Find Out What the ‘Fear of Missing Out’ Has to Do With Your Investing

May 25, 2022

We’re all vulnerable to it – that desire to ‘keep up with the Joneses’ that, from time to time, makes us feel inadequate and left behind. It’s a curious state of mind that results in “the fear of missing out” (FOMO).

To put it in more technical terms, according to the online platform Very Well Mind:

The fear of missing out refers to the feeling or perception that others are having more fun, living better lives, or experiencing better things than you are.

…It involves a deep sense of envy and affects self-esteem. It is often exacerbated by social media sites like Instagram and Facebook. It can apply to anything from a party on a Friday night to a promotion at work, but it always involves a sense of helplessness that you are missing out on something big.”

What’s It Got to Do With Investing?

We’re raising the issue because, among the many examples of its – often unproductive – intrusions into our lives, ‘the fear of missing out’ has one especially toxic application that we should all be aware of.

Recently we came across a provocative paper published over a decade ago by the Graduate School of Stanford Business (GSB). Still relevant, it was called How the Fear of Missing Out Makes Investors Risk Blind.

Written by Marguerite Rigoglioso (October 1, 2007), the paper posed a penetrating question about a perennial vulnerability that many investors – from those just starting out to those who have been in the game for decades – are prone to. “People tend to cluster around risky categories,” the author observed, “out of a desire to avoid missing the next big thing.”

Herding Around Risky Investments

The insight might be somewhat dated but that doesn’t make it any the less true. People have an alarming tendency to herd around risky investments, precipitating bubbles that inevitably burst. We saw it in the bust. We saw it in the subprime mortgage market bust. Who knows what the post-pandemic period of inflation-driven instability has in store for us?

The Role of Peer Pressure

According to Ms. Rigoglioso,

two Stanford researchers say that what investors fear the most is not the risk of a loss per se, but the risk that they may do poorly relative to their peers.

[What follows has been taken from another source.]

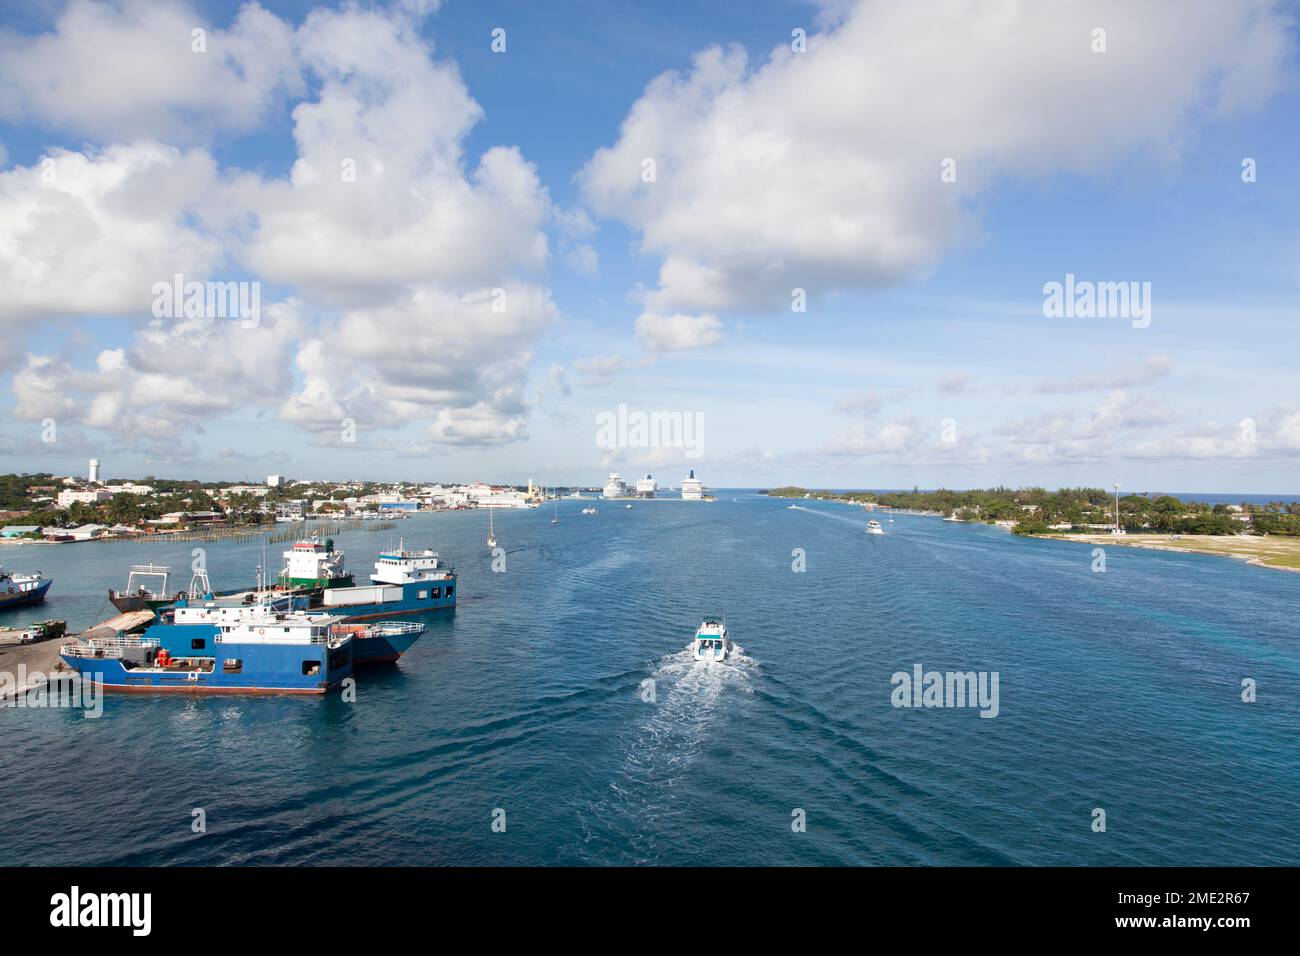 The View From The Bridge Of Nassau City And Paradise Island With Nassau Harbour In The Middle

The fear of missing out is part of what you might call the circuitry of temptation, one of whose mainsprings is the fear of missing out on the big score – that transformational investment that converts someone’s fortunes from solid to sensational.

Case in Point

The researchers behind the Graduate School of Stanford Business (GSB) research referenced earlier, found that investors tend to gravitate, in particular, towards high-tech investments that have the potential to revolutionise the entire market and promise a big upside: technologies like fibre optics, internet-related infrastructure, and electric vehicle innovation.

Consider the following extract from The Wall Street Journal published earlier this year: “Type the words ‘battery’ and ‘breakthrough’ into your search engine of choice, and you’ll encounter page after page of links. They include breathless news articles and lofty pronouncements from battery start-ups. And yet, according to scientists, engineers, start-up founders and analysts, the use of the word ‘breakthrough’ in the context of battery technology is misleading at best. Claims that the latest research finding or start-up launch will bear fruit in the near future are almost always nonsense, they say.”

Keeping up with the Joneses (missing out) isn’t always as profitable or desirable as it looks.